Applicants can use an IPIN in lieu of a social security number, and so long as the business was open as of January 2020, it is eligible to apply. If no revenues were received, applicants should make available as much documentation illustrating costs were incurred, and operations began and were running as of January 2020. Note the $10,000 advance may qualify as income and further note that if cash flow increased recently, it may not stop an applicant from applying for the EIDL as this cash flow increase may not represent the COVID-19 impact, which could provide its negative impact downstream. Immigrant-owned businesses filing applications are not considered “public charge” problems, so long as the immigrants are residing and doing business in the United States legally.
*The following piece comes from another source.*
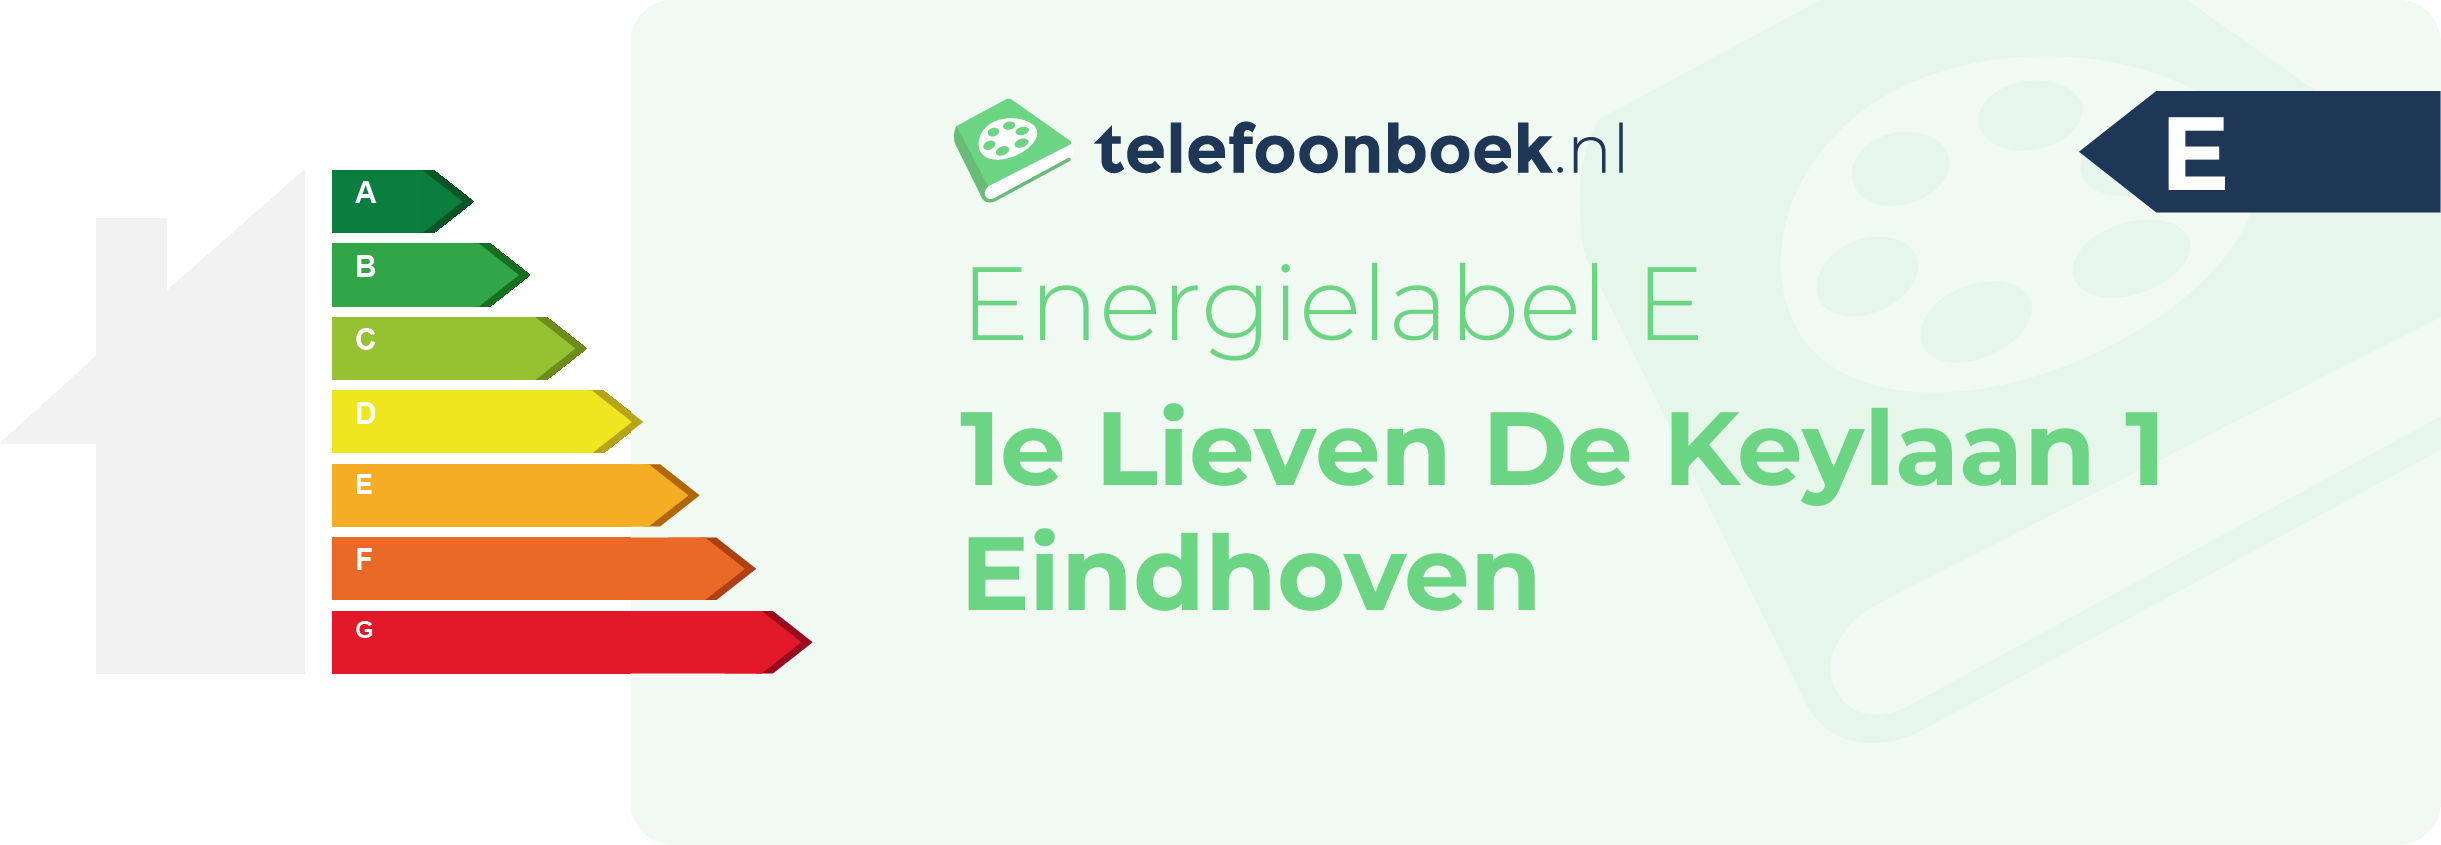 Energielabel 1e Lieven De Keylaan 1 Eindhoven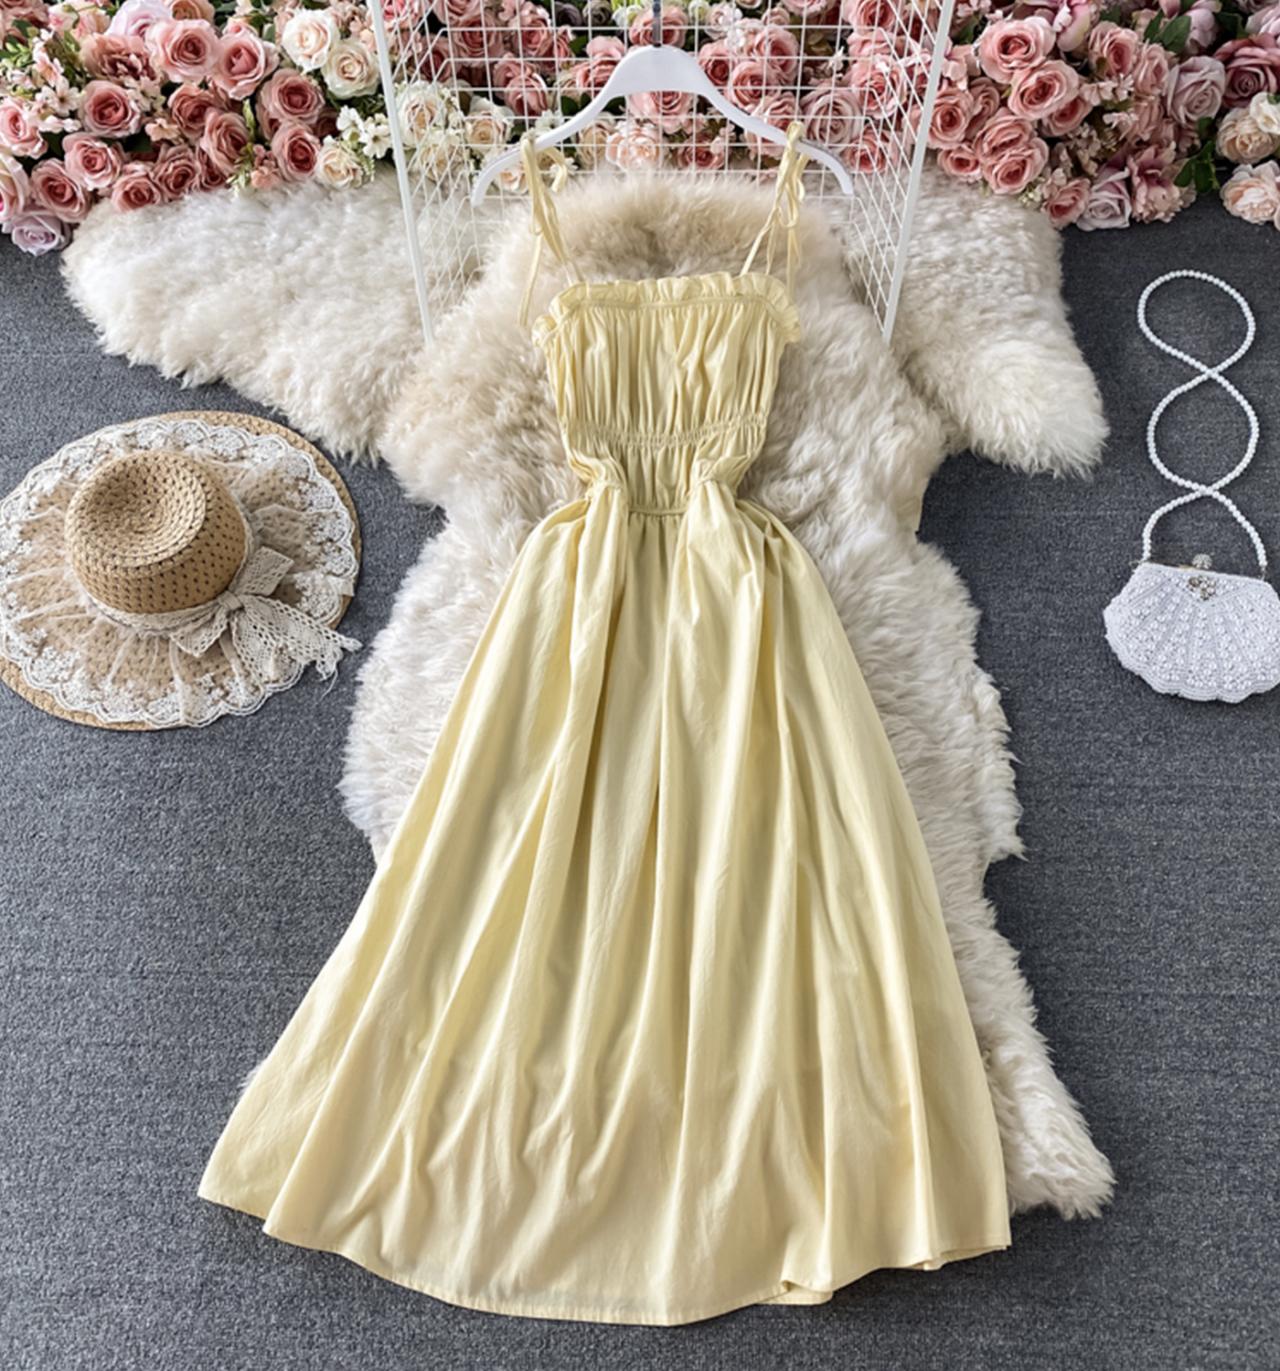 Süßes kurzes Kleid in A-Linie, modisches Kleid 700

If the application is denied, notice will be sent by mail, and there will be an appeal process available. There have been some very early applications that have been denied as of late March 2020, and these were denied based on the owners having very poor credit histories—though, credit scores are not the only factor considered, as company performance is also a consideration.

Finally, as for technical assistance, the Small Business Development Centers, Women’s Business Centers, Veterans Business Outreach Centers, and SCORE Mentors are all available to provide some guidance and assistance. In addition, the SBA will (and perhaps already has) be providing an 800 number that it will staff 24 hours per day to provide additional support and assistance.